Air France ne desservira pas Mayotte dès juillet 2021. La liaison Paris-Nairobi-Dzaoudzi était-elle un rêve ou une réalité ? Les Mahorais misaient beaucoup sur l’arrivée de la compagnie nationale pour faire baisser les prix des billets d’avion entre le département et l’Hexagone.
"Nous ne desservirons pas Mayotte cet été contrairement aux rumeurs qui circulent. D’ailleurs, nous n’avions jamais annoncé publiquement que nous allions le faire". C’est par ces mots laconiques que la direction d’Air France a confirmé à Outre-mer la 1ère qu’elle ne desservirait pas l’île aux parfums cet été comme l’avait annoncé Les Nouvelles de Mayotte, le 28 avril 2021. "Nous réfléchissons à toutes les opportunités de nous déployer partout où les liaisons peuvent être économiquement attractives, renchérit la compagnie nationale. Mais Mayotte n’est pas dans cette configuration-là."
Partie de poker menteur ?
"Il y a bien eu un projet de venue d’Air France à Mayotte !", insiste Cris Kordjee, la présidente de l’Association des Usagers de l’Aérien à Mayotte (AUTAM). Pour preuve, il y a eu des échanges de courrier entre des élus mahorais et notamment le ministre des transports. Cette annonce est un coup de couteau dans le dos des Mahorais. Nous avons le sentiment d’être de simples objets : quid des usagers qui ont besoin de circuler régulièrement entre le (101unième, ndlr) département et l’Hexagone à des prix raisonnables, aussi bien pour des raisons professionnelles, familiales que sanitaires ? Nous nous réjouissions grandement de pouvoir compter sur une troisième compagnie aérienne pour enfin faire baisser les prix et casser le quasi-monopole d’Air Austral. D’ailleurs, nous pensons que c’est justement cette dernière - la compagnie réunionnaise - qui a gagné. Elle a dû peser de tout son poids pour empêcher la venue d’Air France. On se demande même s’il n’y a finalement pas eu de tractation entre les trois compagnies (Corsair re-desservant Mayotte depuis mi-décembre 2020) sur la tête des Mahorais »…
Rêve ou réalité ?
L’annonce d’Air France de ne pas desservir Mayotte sonne la fin des espoirs des Mahorais de pouvoir voyager à des tarifs moins chers. Contactés, le ministère des transports comme celui des Outre-mer n’ont pas encore répondu à nos demandes de réponses sur ce dossier, notamment sur leur intervention ou pas dans ce qui semble être une guerre ouverte. Car derrière l’annonce par la presse locale de la venue d’Air France à Mayotte puis la déclaration de la compagnie nationale indiquant qu’elle ne viendrait pas, c’est bien d’une guerre économique dont il s’agit.

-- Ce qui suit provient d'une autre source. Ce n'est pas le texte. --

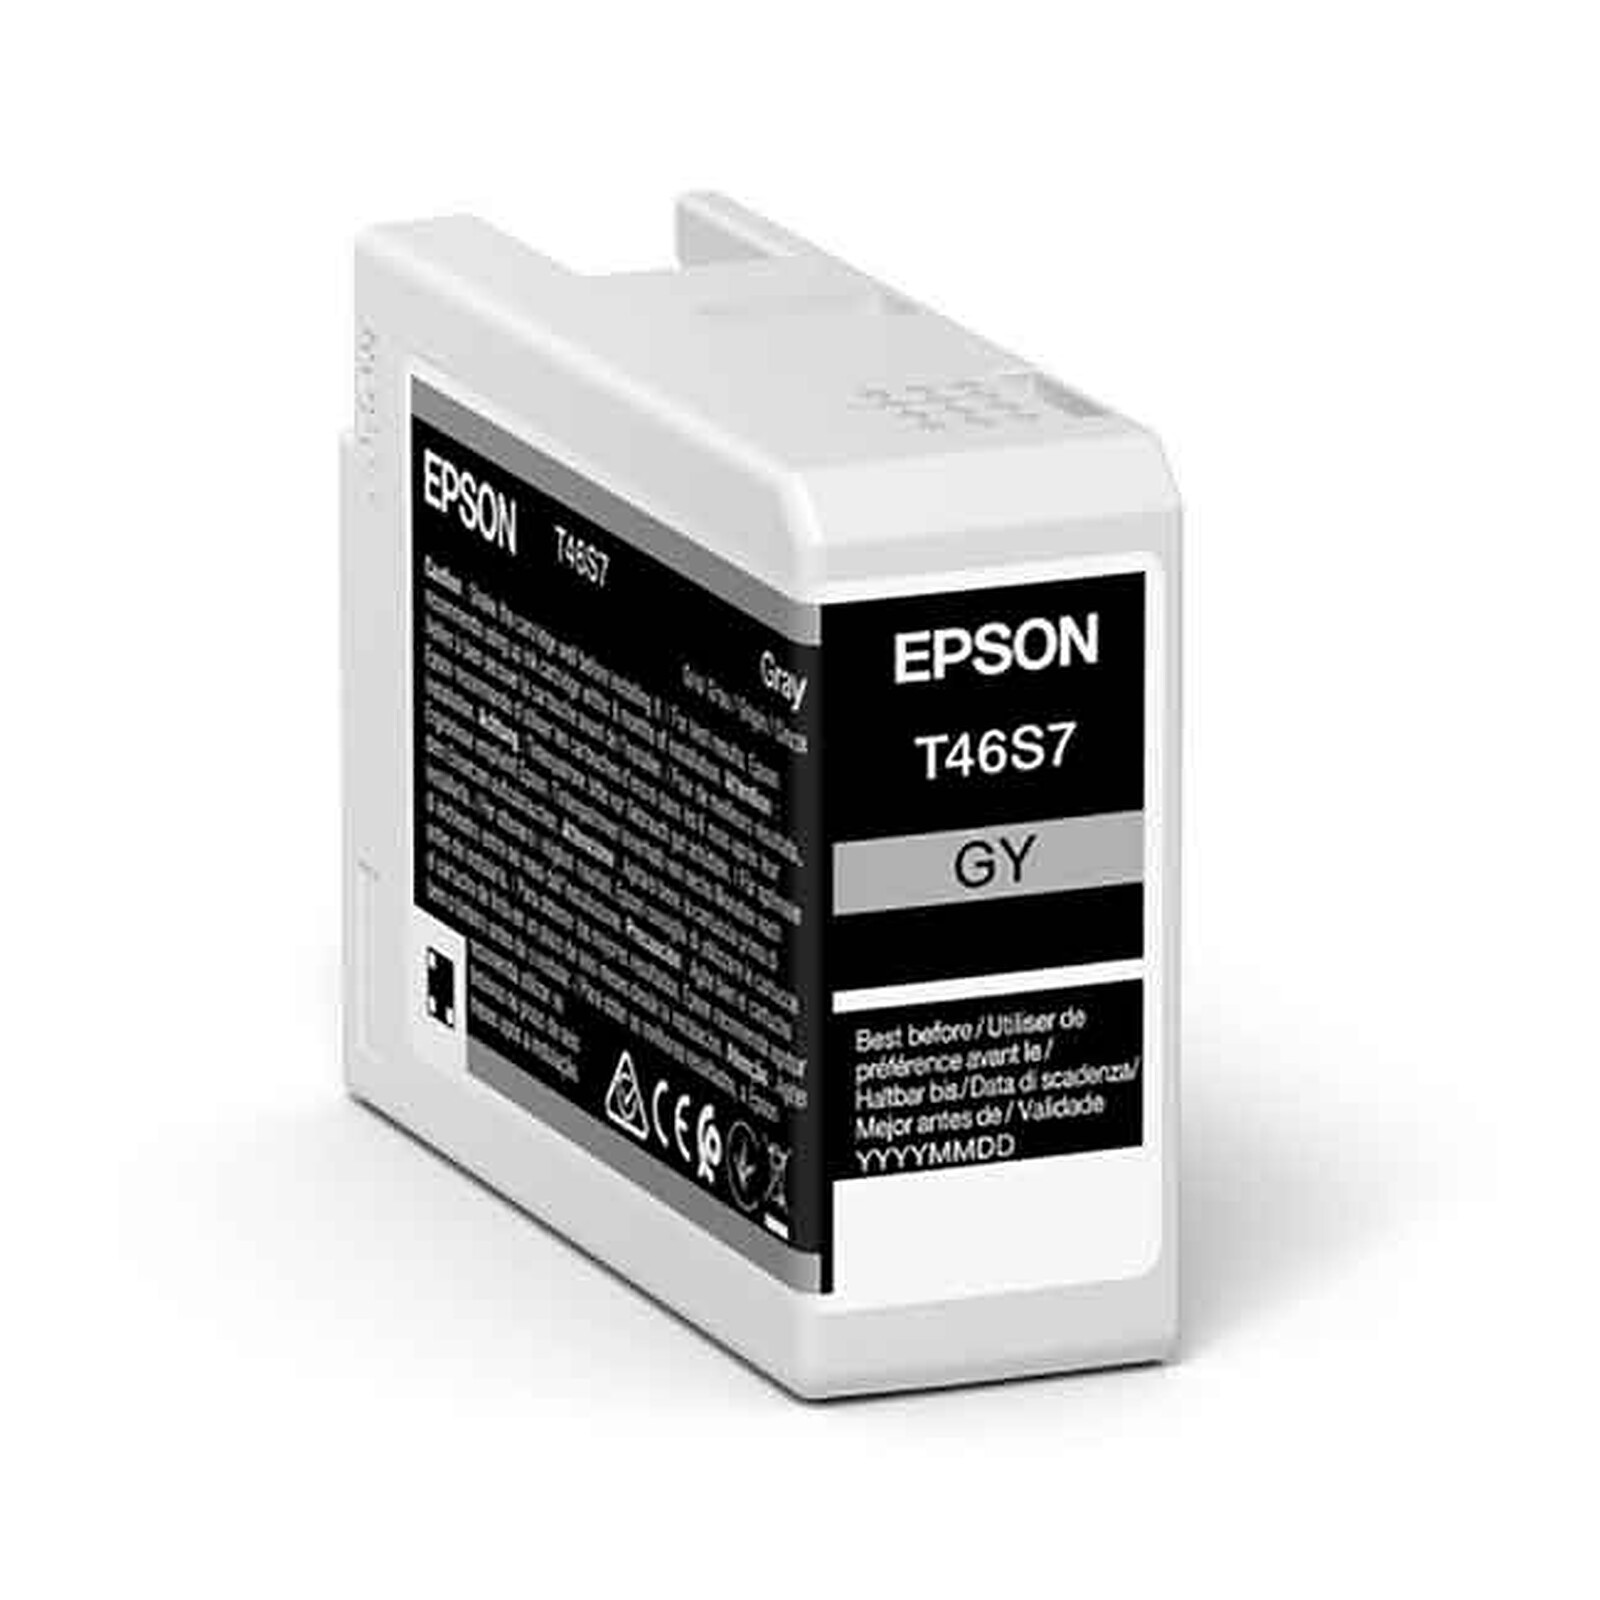 Epson 104 EcoTank Cyan - Cartouche imprimante - LDLC

Car au-delà des enjeux de baisse des prix des billets d’avion pour les Mahorais qui dénoncent des prix exorbitants, c’est la concurrence des transporteurs aériens qui est en train de se jouer. D’autant plus en cette période de pandémie de covid-19 qui a entrainé la fermeture ou presque du ciel et des frontières avec nombre de pays étrangers, engendrant des déficits abyssaux pour les compagnies aériennes. Ces dernières se rabattant alors sur les destinations ultramarines pour survivre grâce à la continuité territoriale et au tourisme affinitaire, comme ce fut le cas durant l’été 2020 puis lors des dernières vacances de fin d’année. L’annonce de l’arrivée d’Air France à Mayotte est apparue aux yeux des spécialistes comme une stratégie opportuniste de prendre des parts de marché sur les rares routes aériennes à fort potentiel durant l’été 2021 en pleine période de crise sanitaire.
"Nous avons clairement le sentiment qu’Air Austral a gagné, insiste Cris Kordjee, la présidente d’AUTAM. Nous sommes persuadés qu’elle est intervenue auprès du gouvernement pour faire échec à la venue d’Air France. Elle a du peser de tout son poids pour continuer de garder la main sur la desserte de Mayotte via La Réunion, elle qui a bénéficié d’un monopole durant des années et a pu faire ce qu’elle voulait en matière de politique tarifaire, bien évidement sur le dos des Mahorais. Nous sommes convaincus que la compagnie réunionnaise a dû jouer sur les différences d’aides publiques entre les deux compagnies pour empêcher l’arrivée de ce concurrent".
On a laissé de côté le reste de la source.